■ Task statement: Below are entries; repeat exactly, and nothing else, the lines from the one holding "University of mumbai" through the one holding "Einen Überblick über", inclusive. Leave the pictures out.

■ Supplied information:
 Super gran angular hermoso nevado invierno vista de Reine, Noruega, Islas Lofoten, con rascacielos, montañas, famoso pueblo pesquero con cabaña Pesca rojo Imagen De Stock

--

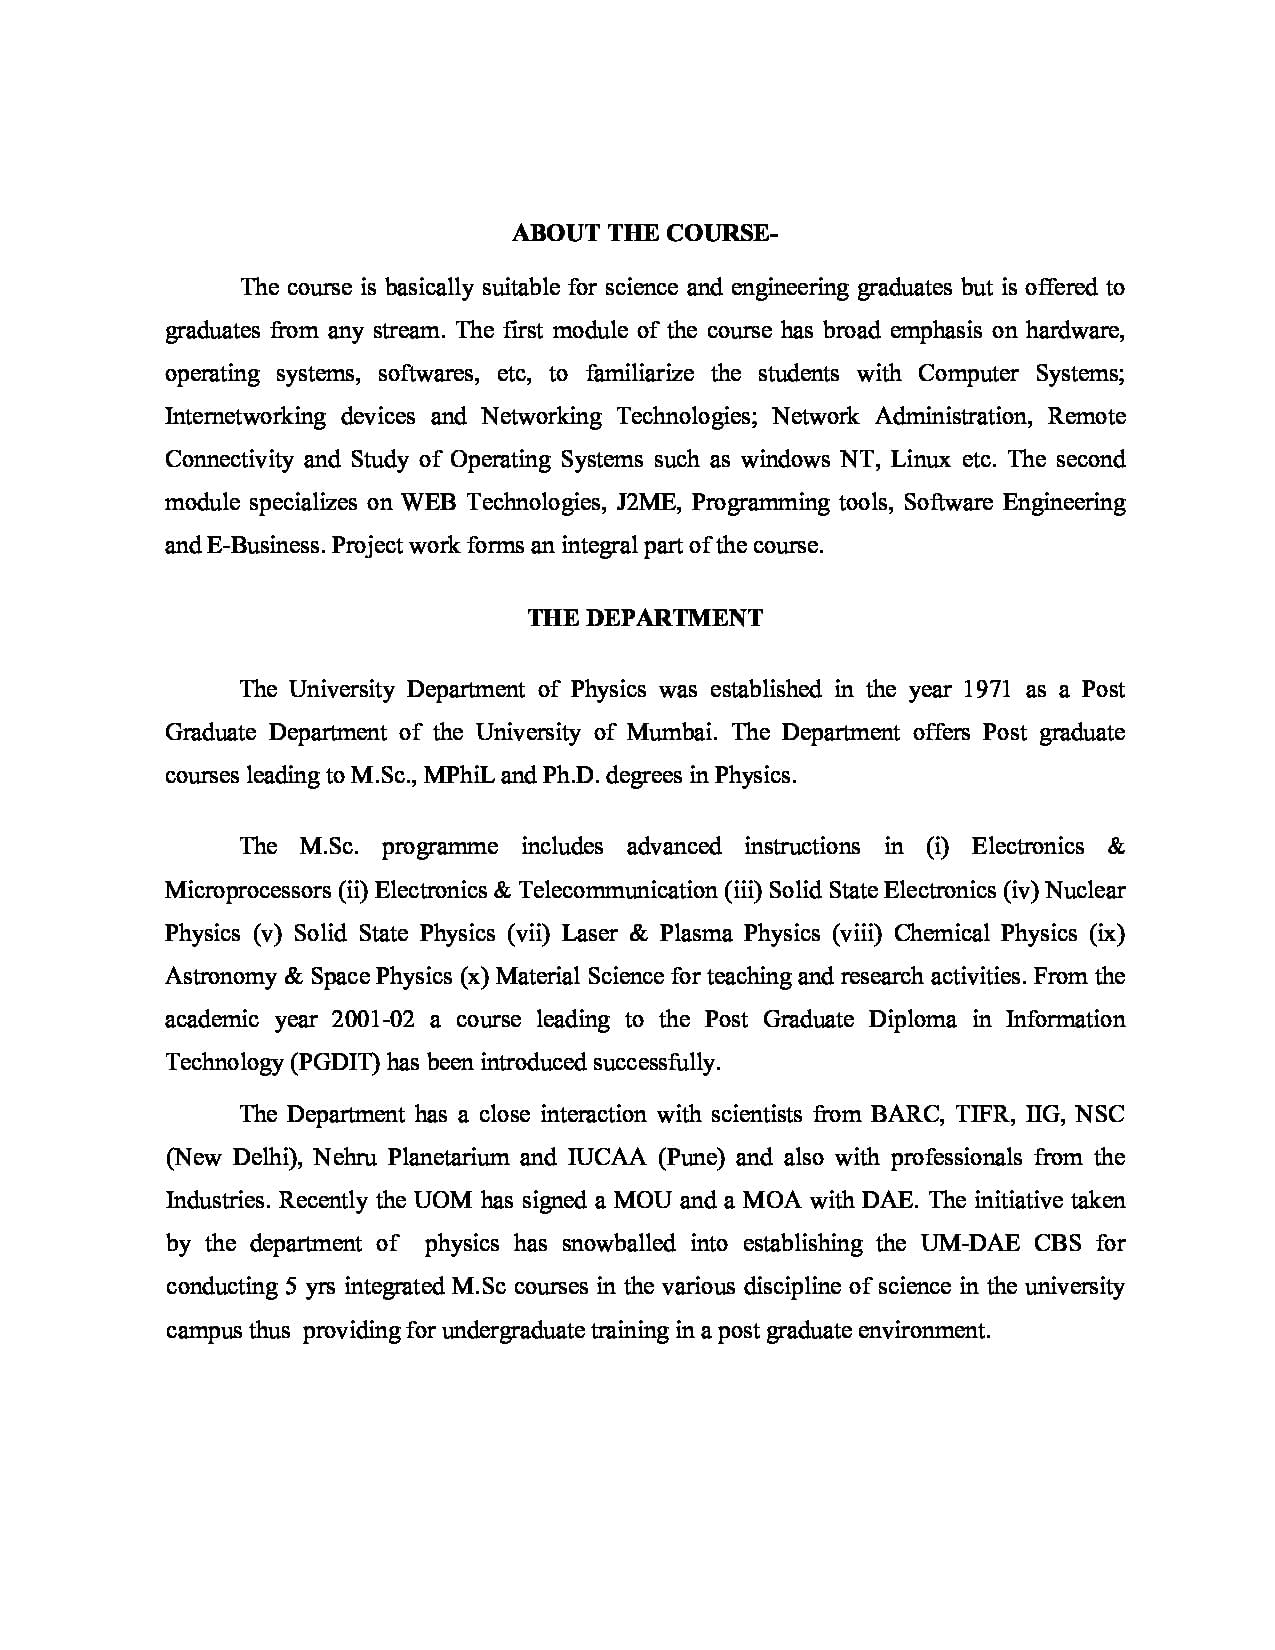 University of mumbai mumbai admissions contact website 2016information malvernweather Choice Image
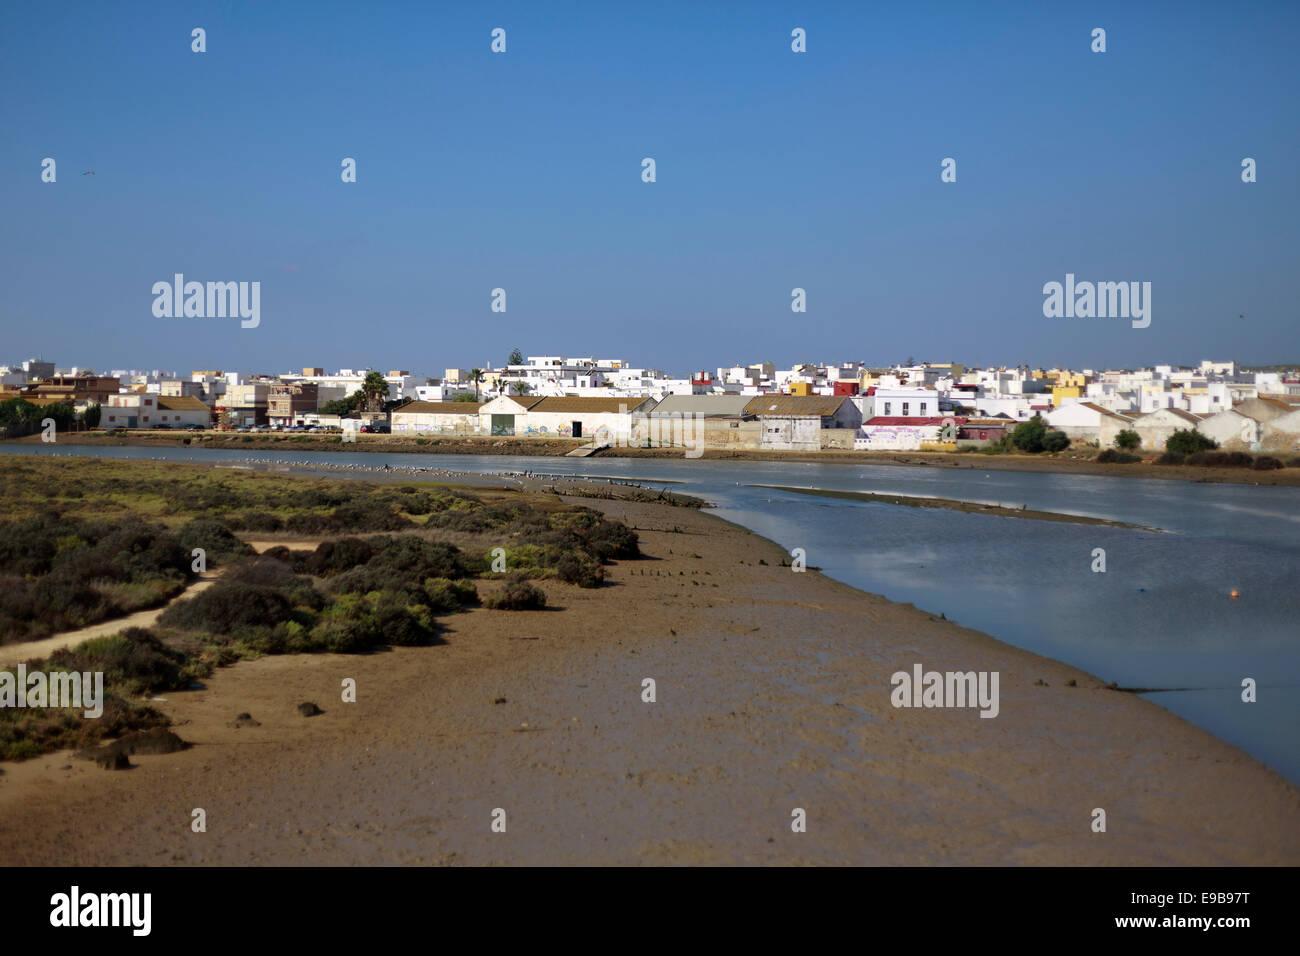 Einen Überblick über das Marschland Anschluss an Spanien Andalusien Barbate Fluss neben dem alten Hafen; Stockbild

■ Exercise output:
 University of mumbai mumbai admissions contact website 2016information malvernweather Choice Image
 Einen Überblick über das Marschland Anschluss an Spanien Andalusien Barbate Fluss neben dem alten Hafen; Stockbild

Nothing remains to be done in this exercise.